FireDragon, your viv is brilliant!

But I have a slight concern about beardies.... the height of the viv.... and their general clumsiness when climbing....

a fall from the top (or even middle) rock section could easily kill/break bones, especially if they land on a lower rock section.

When beardies slip, they tend to sorta slide a bit backwards first, which would mean they would land on their backs 99% of the time, i know what mine are like climbing on pillows on the bed, they always fall onto their backs on the quilt if they topple, they end up upside down.


----------



## The Roach Hut (Mar 29, 2008)

moonstruck said:


> FireDragon, your viv is brilliant!
> 
> But I have a slight concern about beardies.... the height of the viv.... and their general clumsiness when climbing....
> 
> ...


I totally understand your concerns, however the beardies cannot climb over the entire structure as it does not allow them access to it. Dragons do not fall from there and in the wild would climb and sit on posts logs and rocks. 

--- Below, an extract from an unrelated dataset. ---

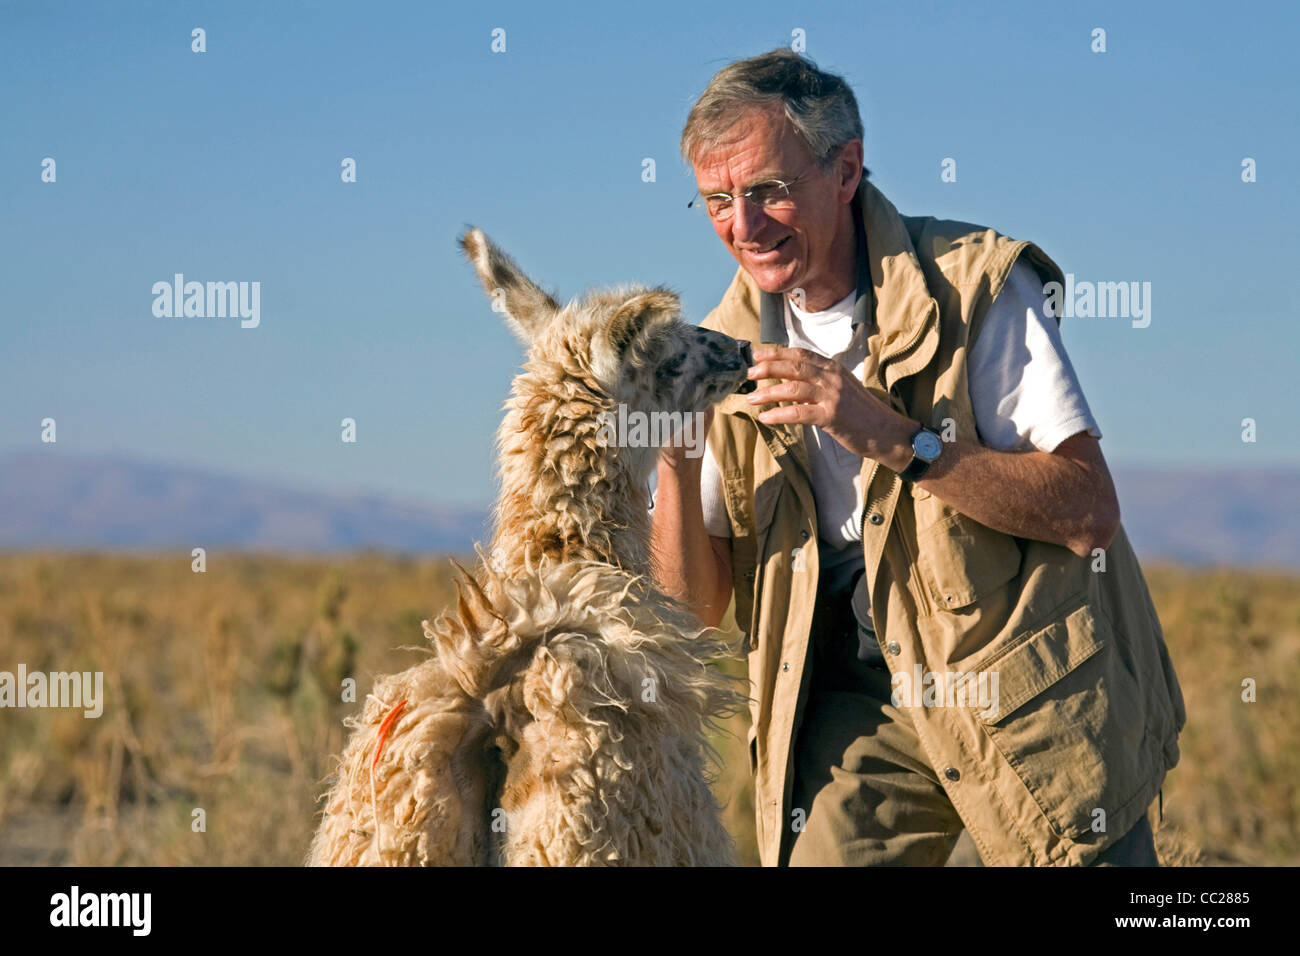 Llama (Lama glama) meets tourist on the isolated Altiplano in Argentina - Stock Image

All of my dragons are very healthy and strong. Not one of them have fallen and dont forget that the biggest drop is about a 1ft and half to 2 ft sand is deep. 

thanks for the concern but everything is fine they enjoy their enclosure and its about producing a natralistic environment for them that is as close to the real thing as possible.

Again i appreciate the concern 

Tony


----------



## cfcbulldog78 (Apr 24, 2009)

firedragon you viv is absoultly jaw dropping jealous very very jealous lol


----------



## The Roach Hut (Mar 29, 2008)

Thanks mate its appreciated im in process of doing another 8ft atm


----------



## The Roach Hut (Mar 29, 2008)

heres a link to the video i put on you tue, the viv een used y dragons for 9 months even though there are oly 6 in it now it has chipped and will need a touch up take a look at the video let me know what u think. might help get a etter perception too

YouTube - My Bearded Dragons Vivarium With Fake Rock Walls


----------



## Tarn~Totty (May 4, 2009)

:gasp: OHG!!! Dont know what anyone else thinks...but If you liked the pics, your gunna love the vid!!

Really Tony...I dunno what to say bud...that is totally stunning. I bet your lucky beardies really appreciate all the hard work and effort youve put into that. Its nice to see how much people actually think of the animals they keep, to go to the lengths you have here...well, its brilliant :notworthy:

Thank you for putting the video on :2thumb:

Cant wait to see your future viv builds!!


----------



## dan.hobley (May 4, 2009)

here's mine just finished at last!!


----------



## The Roach Hut (Mar 29, 2008)

superb job mate. but the beardy loves it. told u that it wasnt hard didnt i lol. u done a fantastic job a credit to you well done

Tony


----------



## RNelson (May 29, 2009)

FireDragons is awesome, hopefully mine will be good when done


----------



## dan.hobley (May 4, 2009)

lol u did indeed fire dragon....it wasnt hard but bloody long time it takes though! ha ha


----------



## The Roach Hut (Mar 29, 2008)

Just 23 hrs left on this vivarium and 37watchers. dont miss out the chance to own the best viv around here is the link once more for those of you interested
http://cgi.ebay.co.uk/ws/eBayISAPI.dll?ViewItem&item=110471295236&ssPageName=STRK:MESELX:IT

Tony


----------



## ralphsvivariums (Dec 15, 2009)

this is mine i have put sand on the walls of the viv which was a mission but looks good i also made a water feature they love it always swimming about in the water, and before you say it the humidity is fine in there.


----------